_MATERIAL PROVIDED:_

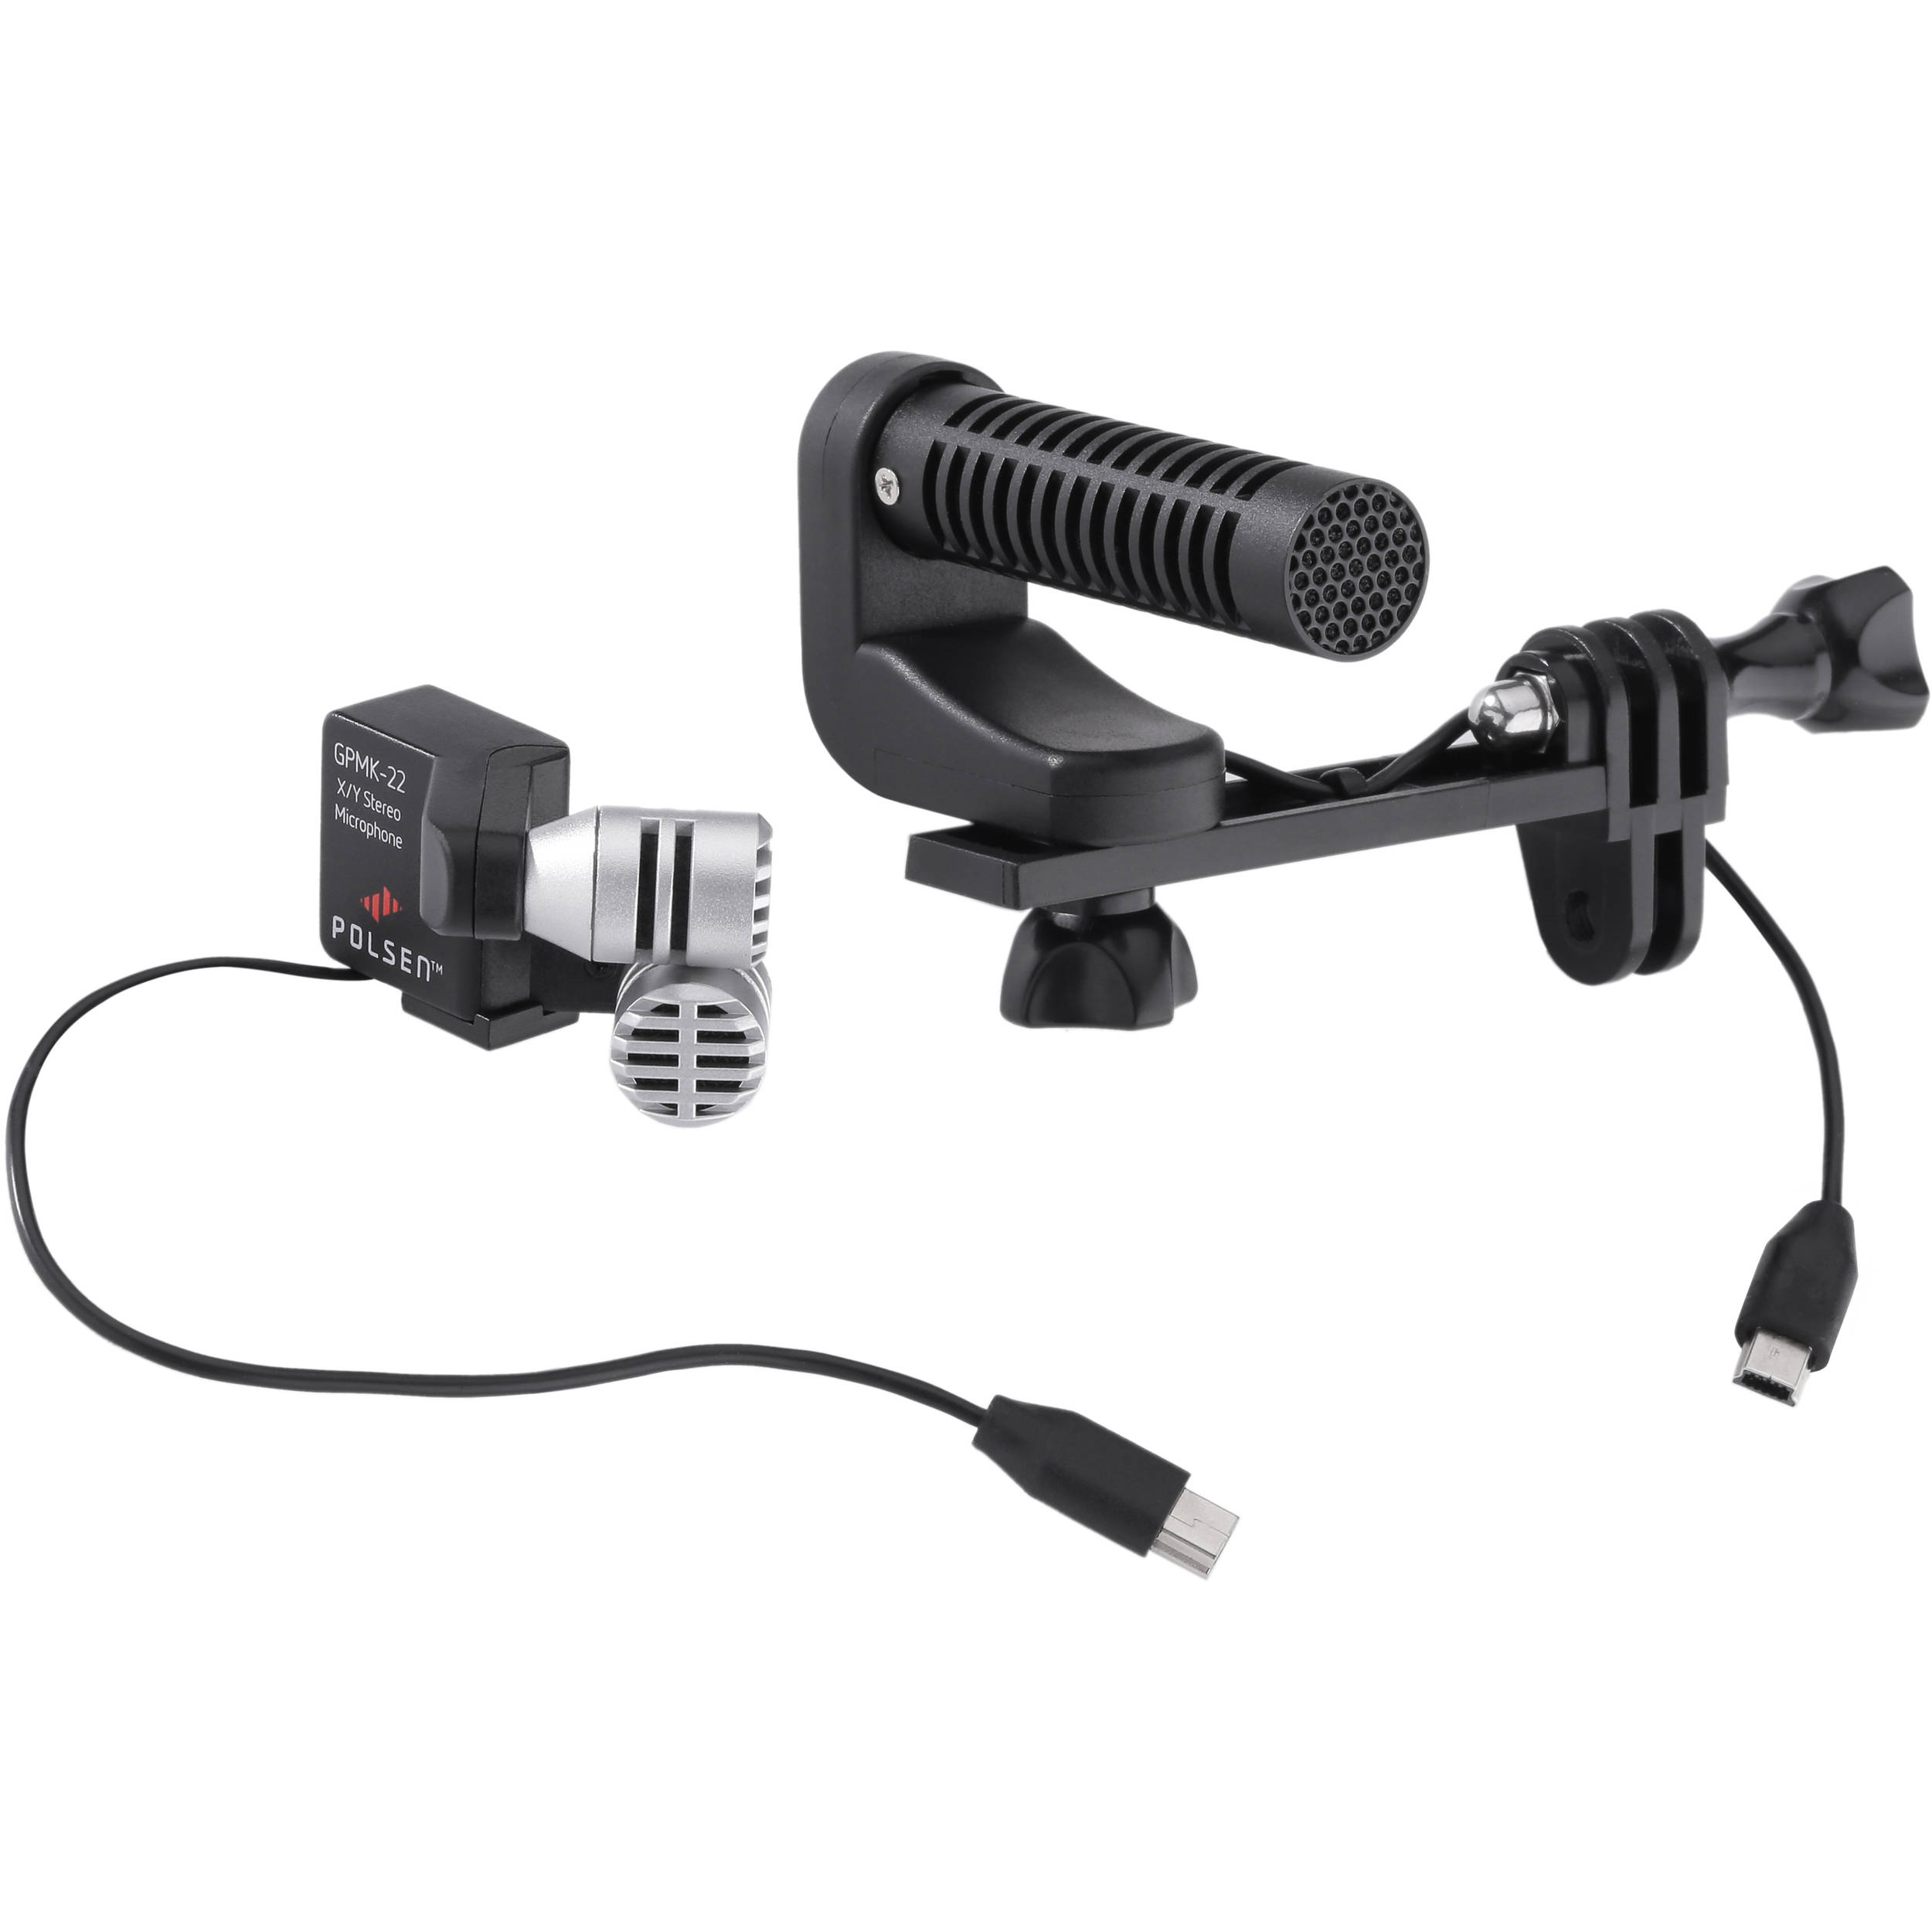 Polsen GPMK-22 GoPro Production Microphone Kit GPMK-22 B&H Photo
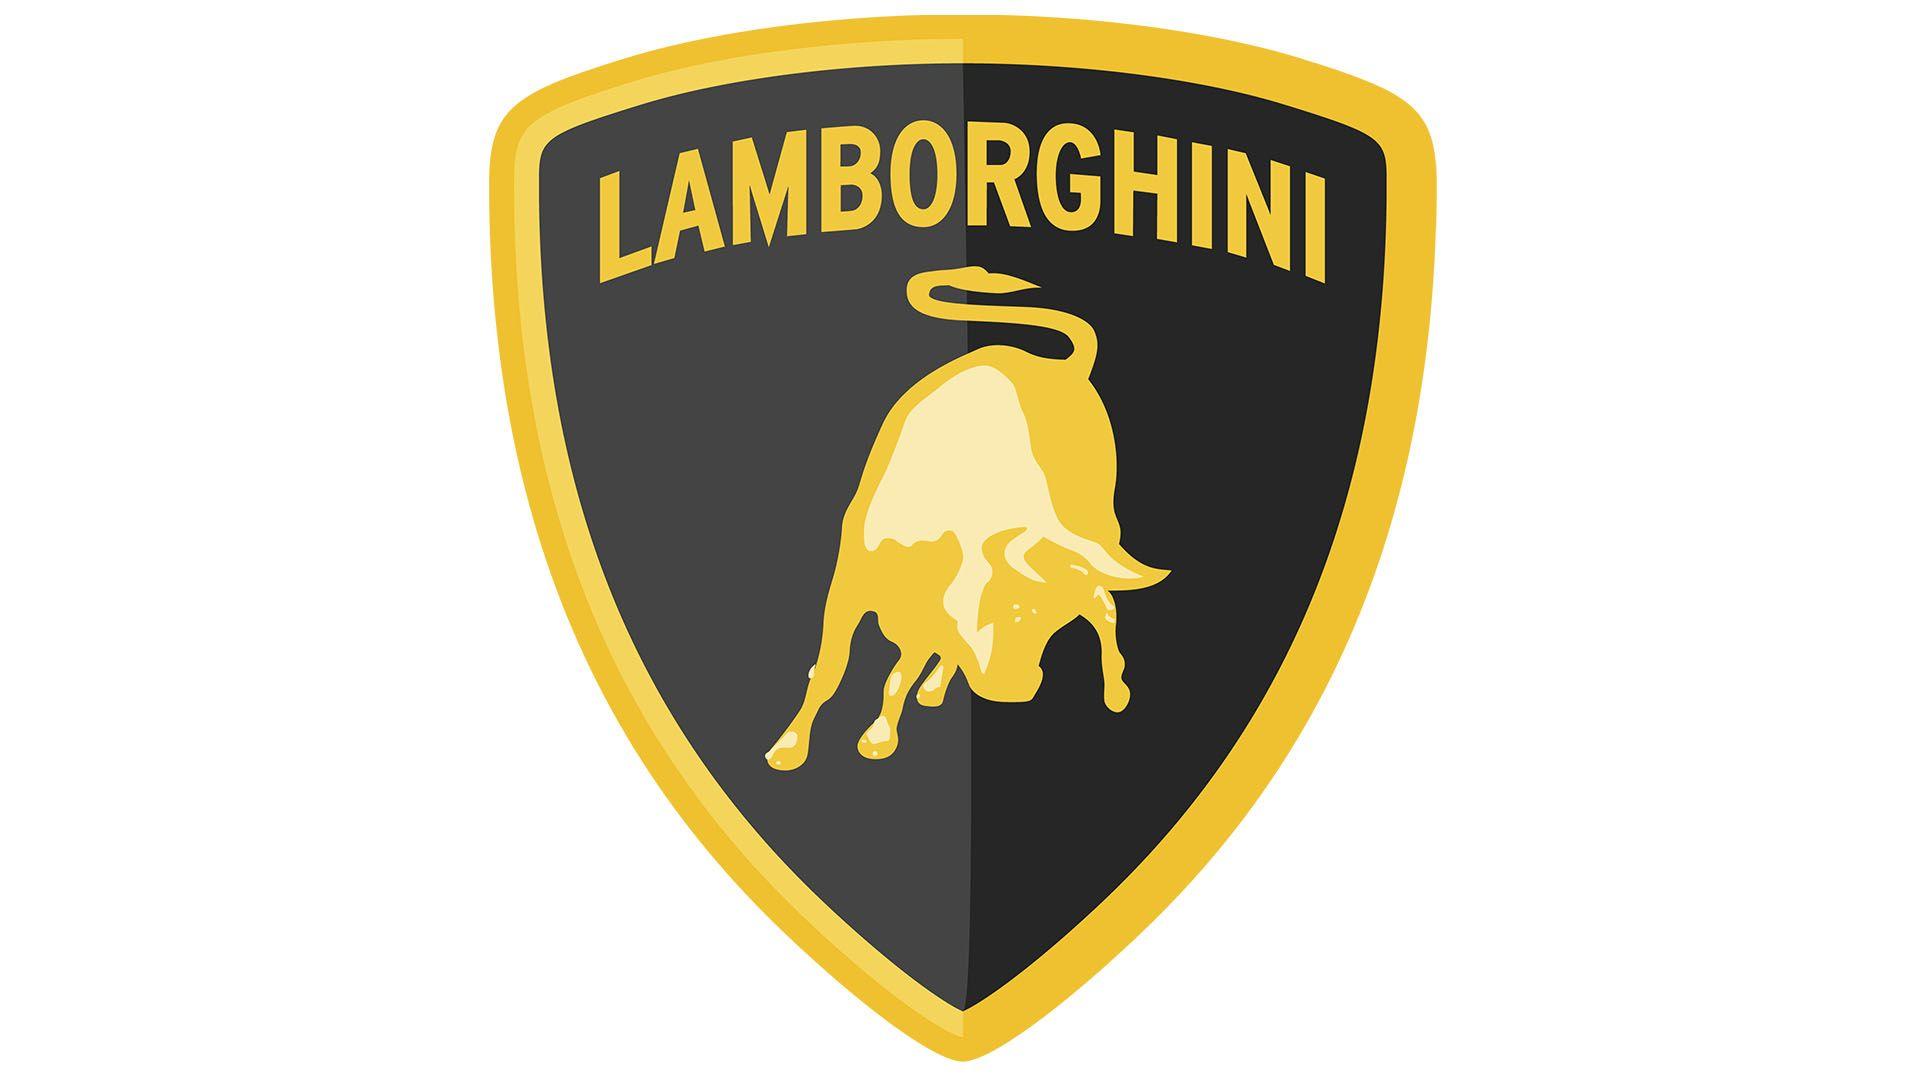 Lanmborghini Logo - Lamborghini Logo Meaning and History [Lamborghini symbol]
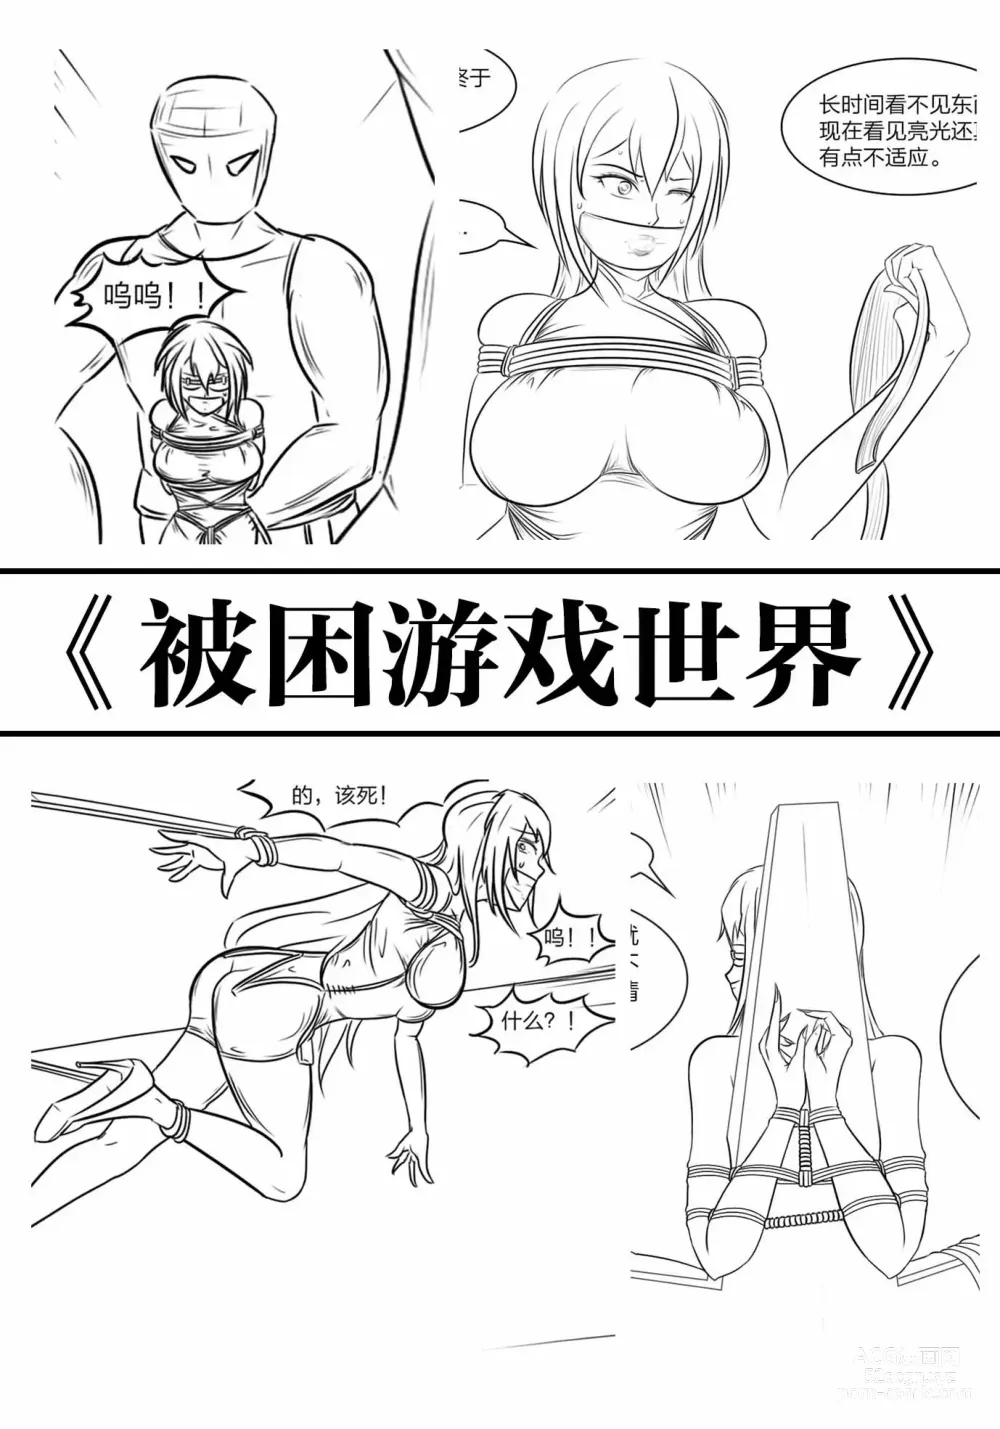 Page 1 of doujinshi 《被困游戏世界》
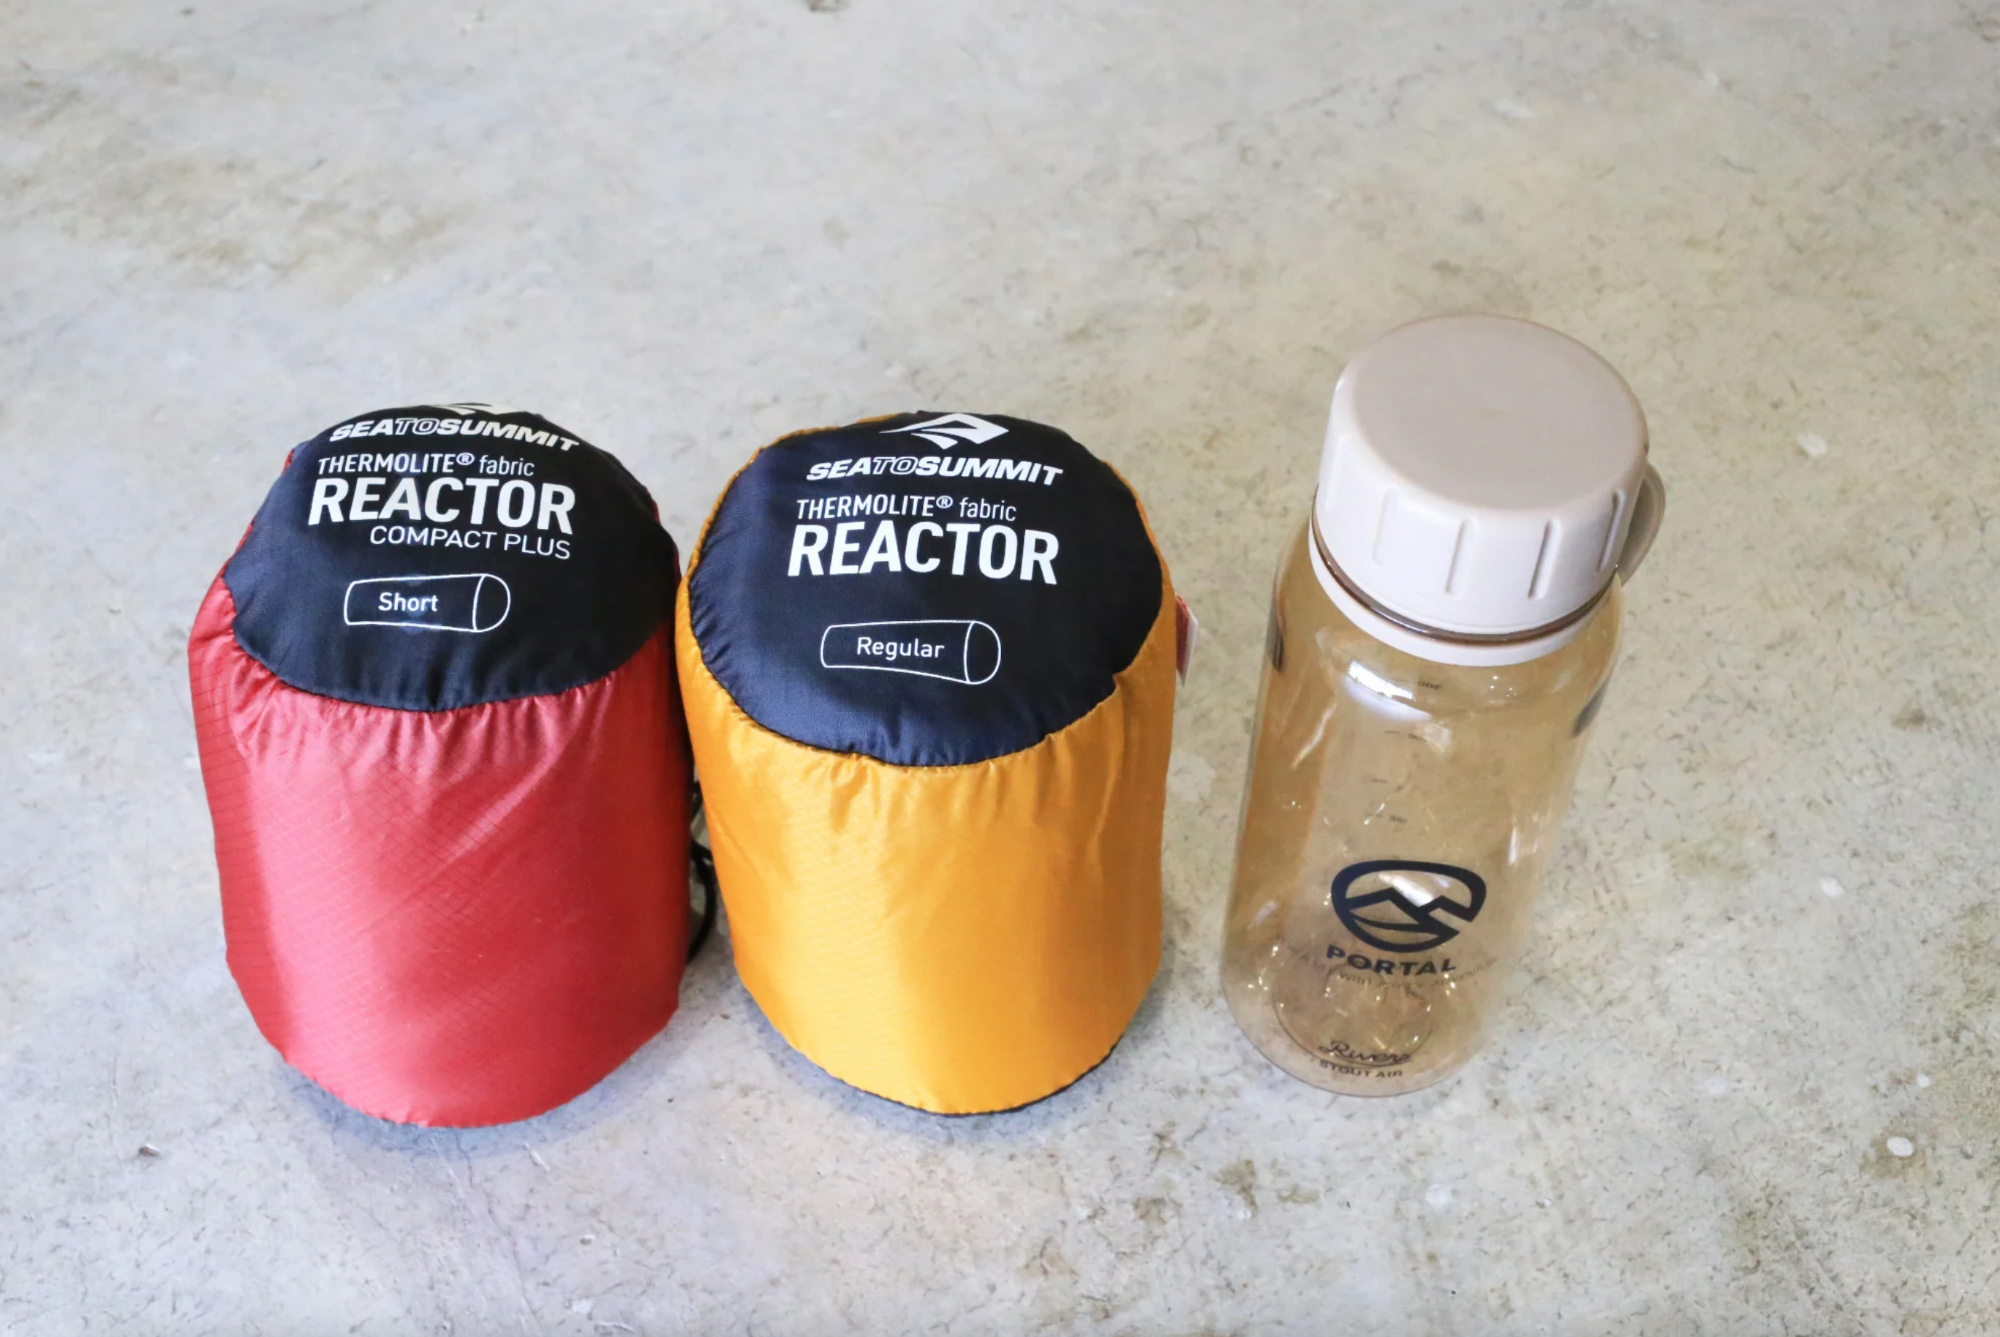  (左 : Thermolite Reactor Compact Plus / 右 : Thermolite Reactor )550mlのボトルと比較してもコンパクトです。

_TASK BRIEF:_
Please return the listing above exactly and leave every picture out.

_TASK ANSWER:_
 Polsen GPMK-22 GoPro Production Microphone Kit GPMK-22 B&H Photo
 Lanmborghini Logo - Lamborghini Logo Meaning and History [Lamborghini symbol]
 Page 1 of doujinshi 《被困游戏世界》
  (左 : Thermolite Reactor Compact Plus / 右 : Thermolite Reactor )550mlのボトルと比較してもコンパクトです。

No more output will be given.